No one disputes the Army's regulations serve a compelling interest. As McConville explained at great length, "uniformity is central to the development of a bonded and effective fighting force." It is the "primary means by which we convert individuals into members of the Army." It "promotes cohesive bonds by instilling a common identity," shows "a willingness to submit (one's) individuality to the larger organization" as well as to "inhibit personal desires and impulses that may be antithetical to mission accomplishment." Also, it provides "a readily available means of instilling the practice of inspection and compliance" and a means "to assess a Soldier's competency and attention to detail." Such things are necessary to field a professional military capable of executing the federal government's most basic purpose: defending the nation.

But that still wasn't good enough, Jackson concluded. Because even though the Army's rules are rules of "general applicability," they need not obtain in Singh's specific instance—particularly given the many other exceptions, religious and otherwise, the military has made over the years.

What the Army was doing, she explained, was imposing a substantial burden on Singh as the price of his religious fidelity. A substantial burden exists when government puts "pressure on an adherent to modify his behavior and to violate his beliefs."

That is what Obamacare did to the owners of Hobby Lobby. And what others, including courts, have done in cases when various service providers—such as photographers and bakers—have declined to help facilitate gay weddings. Because RFRA applies only to federal action, and not the states, many states have considered their own religious-freedom measures. Nineteen states already have measures equivalent to RFRA, but those introduced more recently have elicited great fury because they are such obvious reactions to the growing acceptance of gay marriage. The other day North Carolina lawmakers overruled Gov. Pat McCrory's veto and enacted a measure that lets state magistrates decline to perform a marriage if they have sincere religious objections.

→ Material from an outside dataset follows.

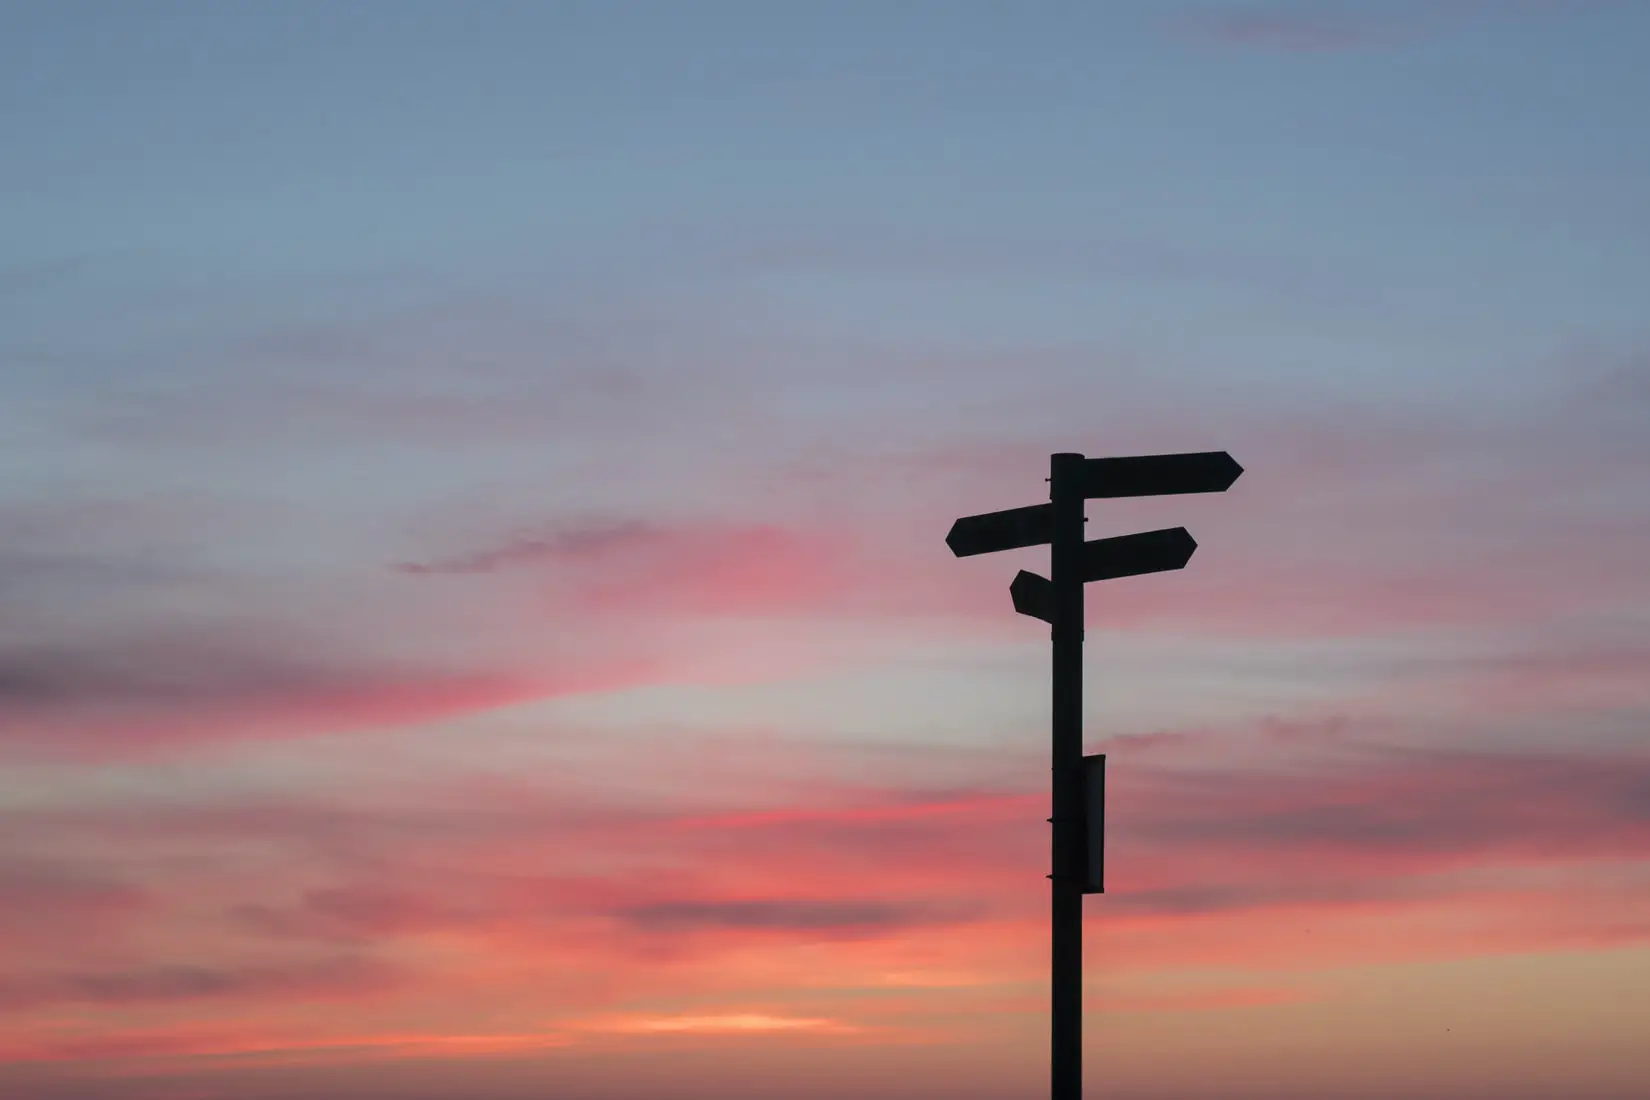 silhouette of sign posts with red sky in background
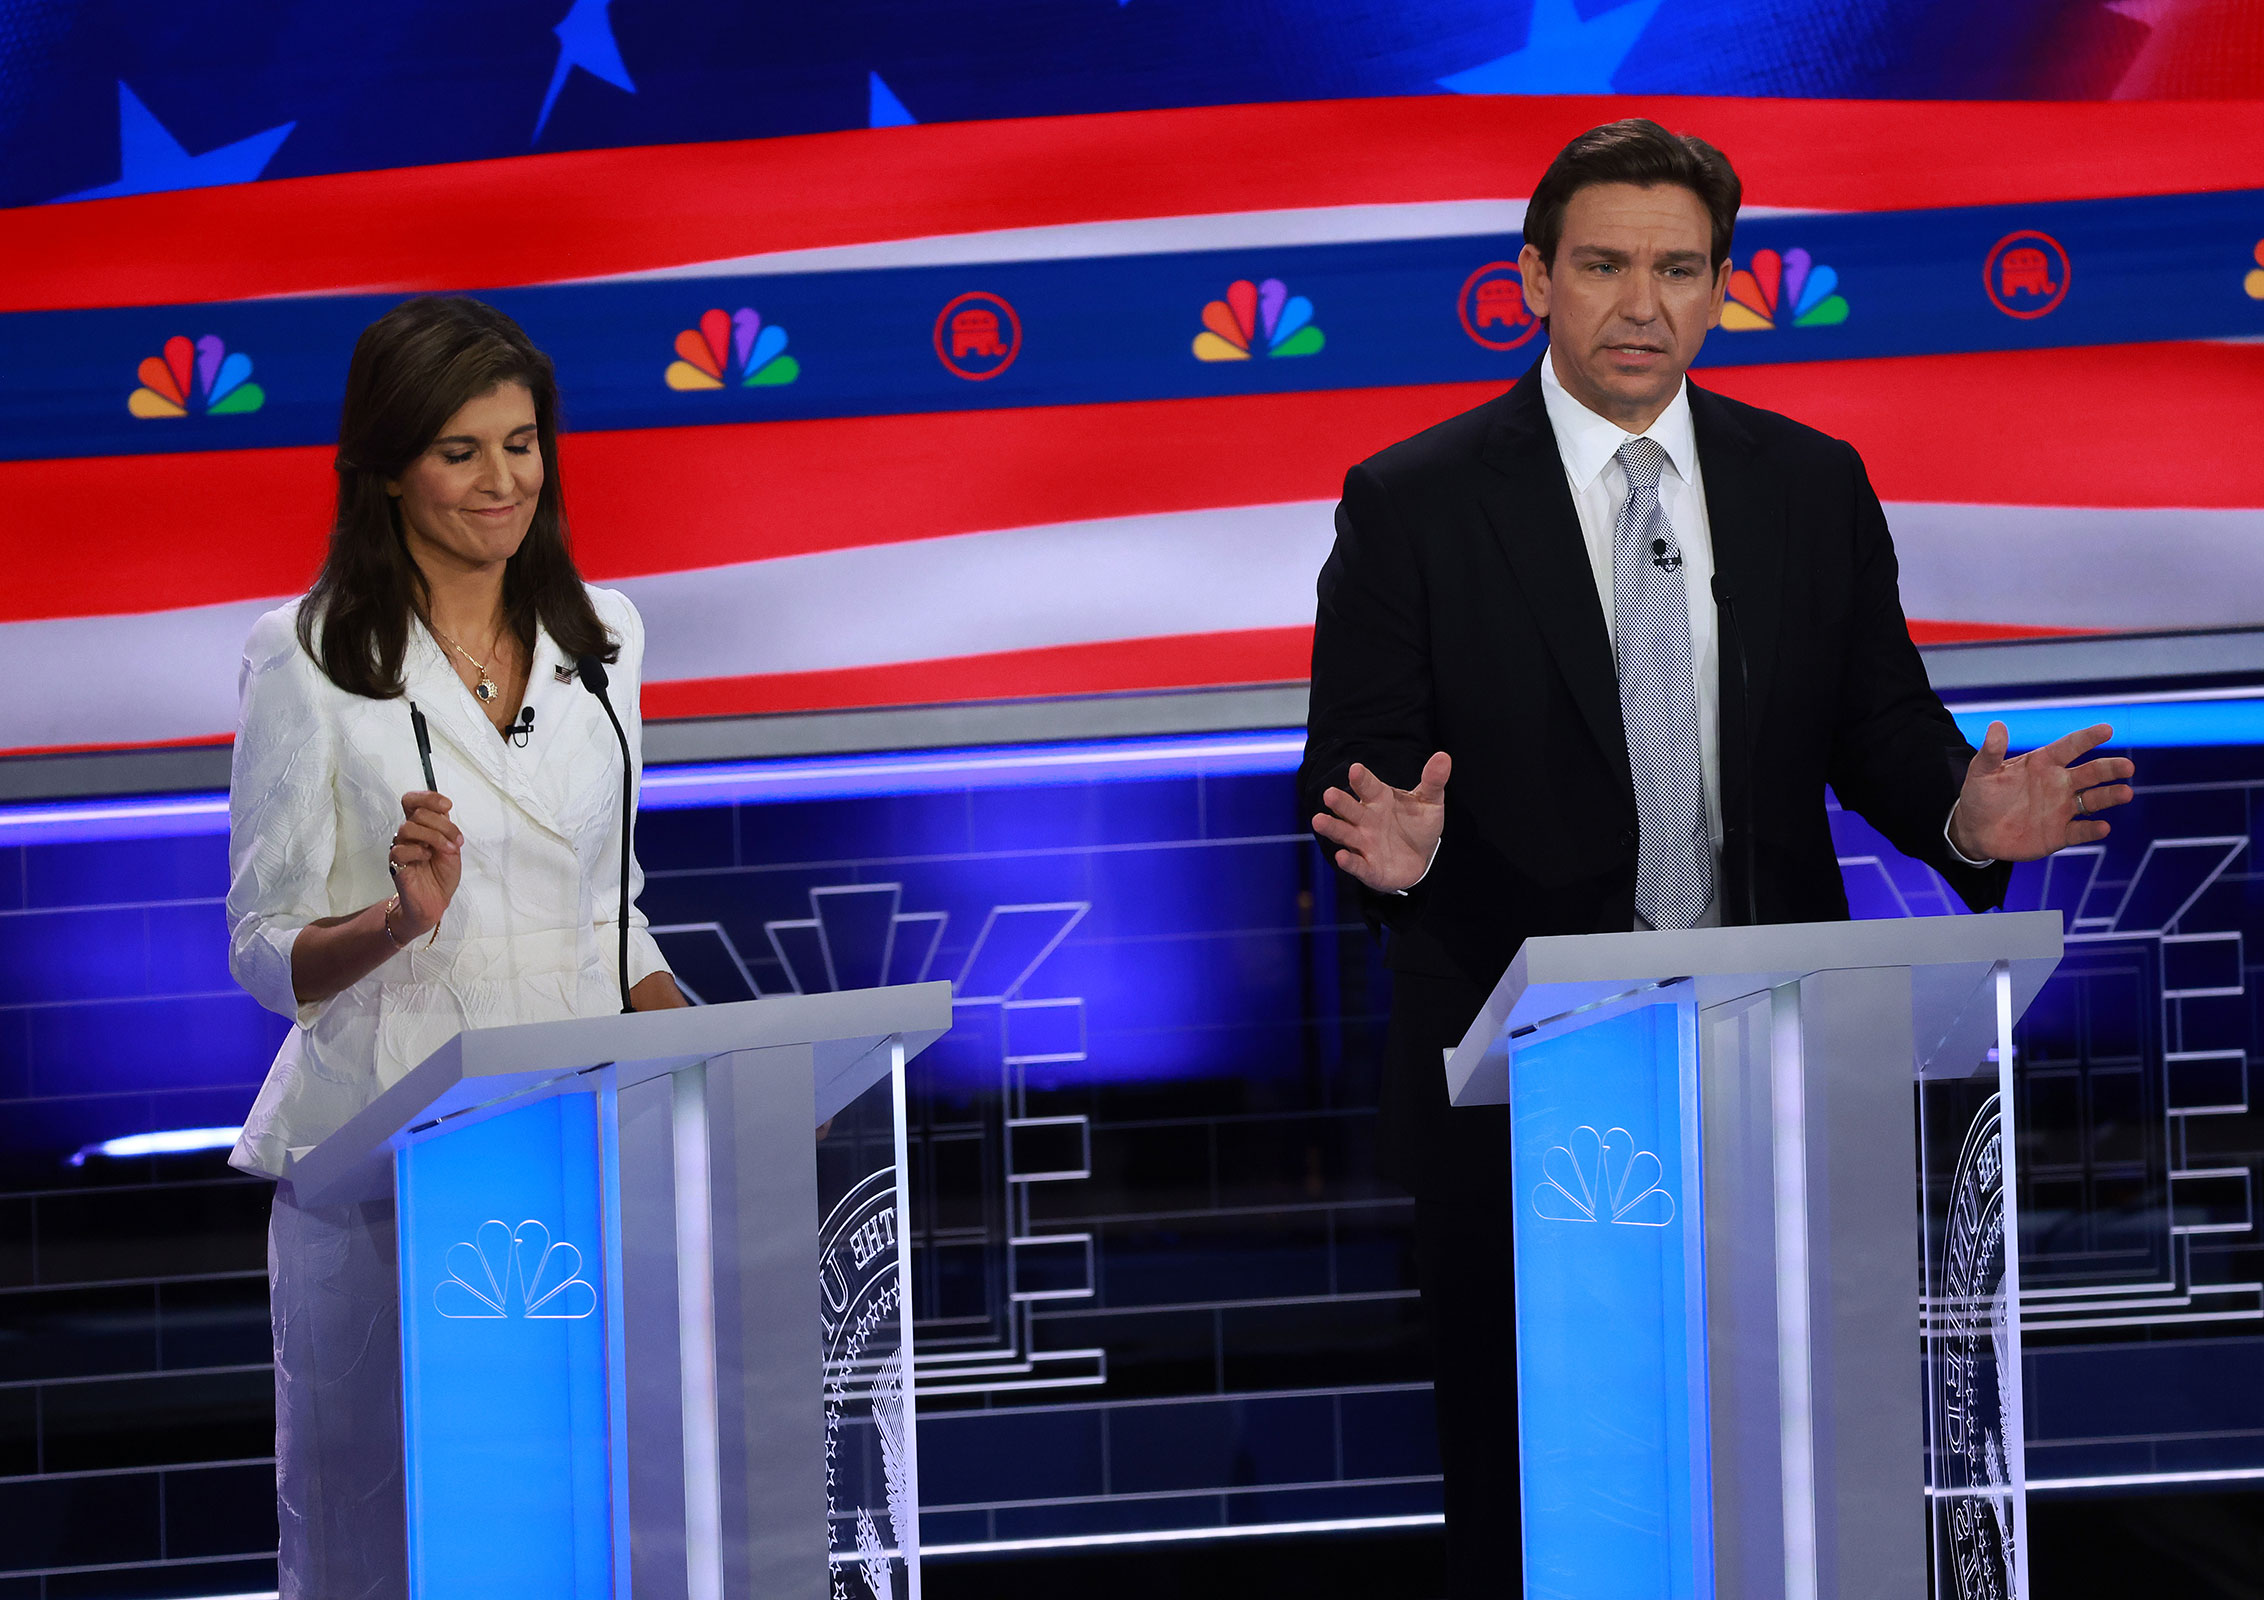 Florida Gov. Ron DeSantis speaks alongside former UN Ambassador Nikki Haley during the NBC News Republican Presidential Primary Debate at the Adrienne Arsht Center for the Performing Arts of Miami-Dade County on November 8 in Miami. 

One response to the religious objections of devout Christians has been breezy dismissal: If you don't want to photograph gay weddings, then you shouldn't become a photographer. Don't want to pay for contraceptive coverage? Don't become an employer.

Arguments like that force people into an untenable choice: Give up your religion, or give up your vocation (which, along with faith and background, is one of the principal ways people define themselves). By the same token, the Army essentially said the same to Iknoor Singh: You can have your faith or you can have an ROTC commission, but not both. Take your pick.

Society also could impose a similar choice on, say, doctors who object to lecturing abortion-seeking women about fetal development. Last year the Richmond-based Fourth Circuit Court of Appeals struck down a North Carolina (again!) law requiring physicians to do just that while showing the women sonograms of their unborn children.

Commendably, Judge J. Harvie Wilkinson and his colleagues ruled that such compelled speech violates a doctor's rights under the First Amendment. But they could have offered the take-it-or-leave-it rejoinder: Don't like narrating ultrasounds? Don't become a doctor.

Individual rights—whether to religious freedom or to freedom of speech—deserve more dignity and decency than that. Weighed against compelling governmental interests, they still might sometimes lose. But at the very least, freedom deserves a respectful hearing for all who seek it.